All of the files in the samples folder are write protected to avoid accidents. If you need to change them, we recommend that you make some copies or follow the procedure above.
TPA Project Files
The TPA Project consists of certain files. These files all play a role in the final analysis.
TPA.PRJ: this is the project file that contains all of the references to the other files so that Exponent knows how to do a TPA test.
TPA.SET: this file contains all the Texture Analyser settings required to run a TPA compatible test. The settings for speed and distance will probably need changing to suit your sample. The actual values required are normally found on a try it and see basis. The settings are edited in the T.A. Settings window.
TPA.PRF: this file contains the details of the axis types and values, etc. You can see these settings in the Graph Preferences window.
TPA32.MAC: this is the macro that issues all of the commands to find and measure the required data from a graph. There may be a need for changes to the TPA macro due to the particular properties of your sample and the forces derived.
If the sample has no Fracture peak, then a pop-up box will appear stating Peak Not Found. Click on OK to continue. The three force peaks are found in REVERSE order (see graph above) so that a missing fracture peak will still produce the correct values for other results. If the force peaks appear towards the end of the graph, failure to notice this is most likely to cause all TPA values to be incorrectly calculated. In this case, try selecting a larger Force Threshold in your Graph Preferences.

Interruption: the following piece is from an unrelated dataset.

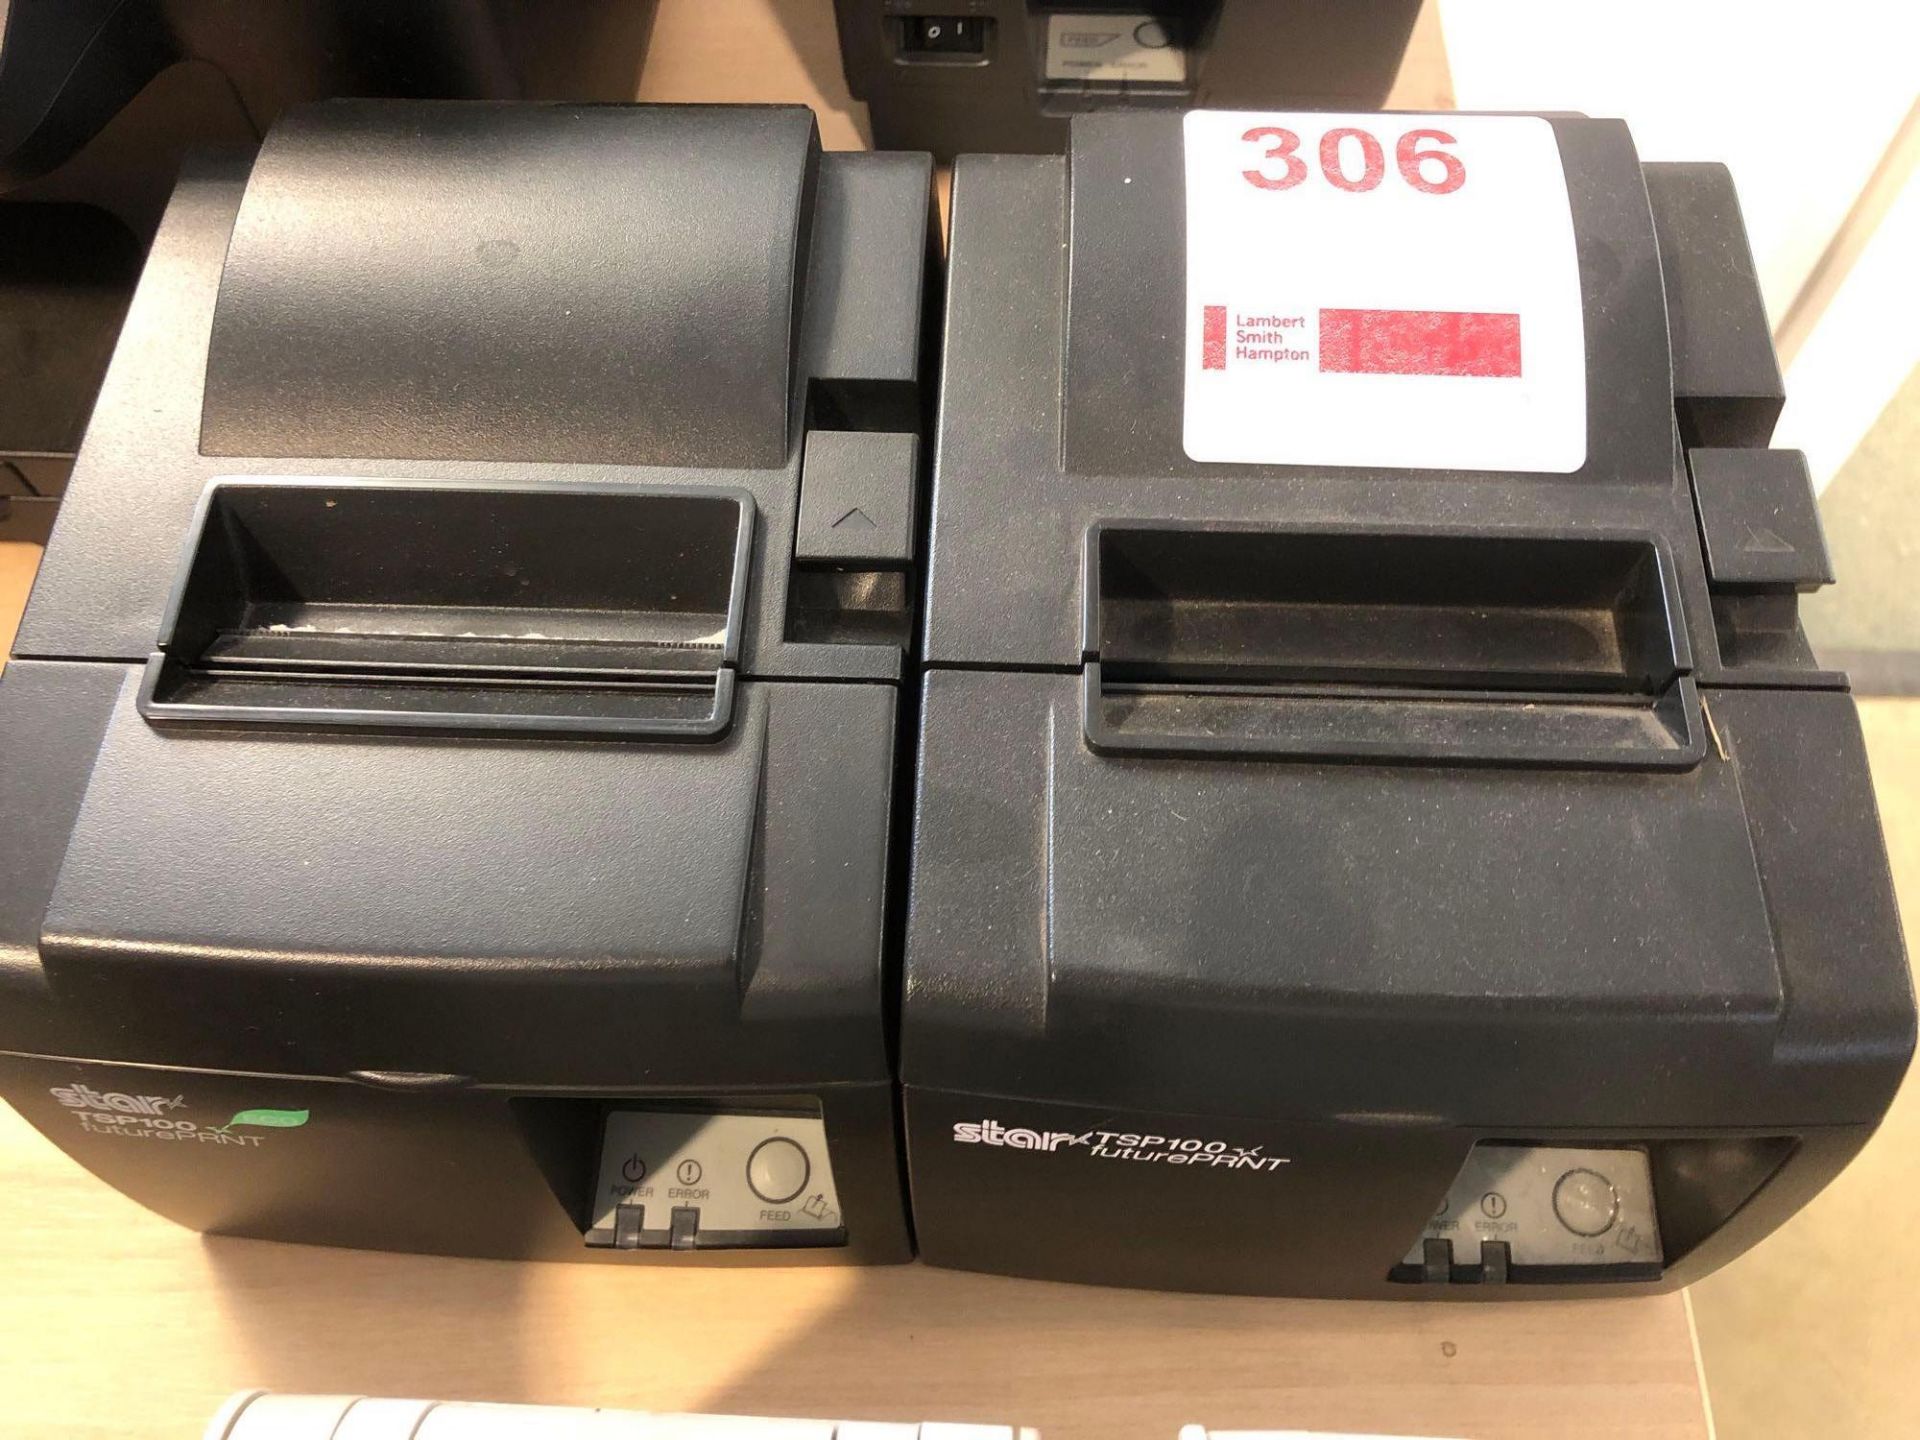 Two Star TSP100 Future Print Thermal Receipt Printers and a Star TSP700 II Thermal Receipt

After the peaks of the curve are detected the macro then instructs the cursor to search forwards and drop 6 anchors, in order, onto the curve (as shown above). If the message, e.g. 'Unable to place cursor at specified position' is displayed, then it is likely that the Distance Threshold is too high. Again failure to notice this is most likely to cause most of the TPA values to be incorrectly calculated. In this case try selecting a lower Distance Threshold in your Graph Preferences.
If the sample has no adhesiveness properties at all, the force might not return to zero between the two compression strokes. If this is the case, then the anchors will not be positioned correctly. To correct this problem, you might need to adjust the Go To Force value in the macro from 0.0 to something greater than the Texture Analyser trigger force. The Adhesiveness result will then show a positive value, which should be ignored.
TPA.RSL: this is the results file that has formulae programmed in to calculate the TPA data from the measurements. Unless this particular results spreadsheet is open when the TPA Macro is run, the TPA parameters will not be calculated in the spreadsheet columns as expected.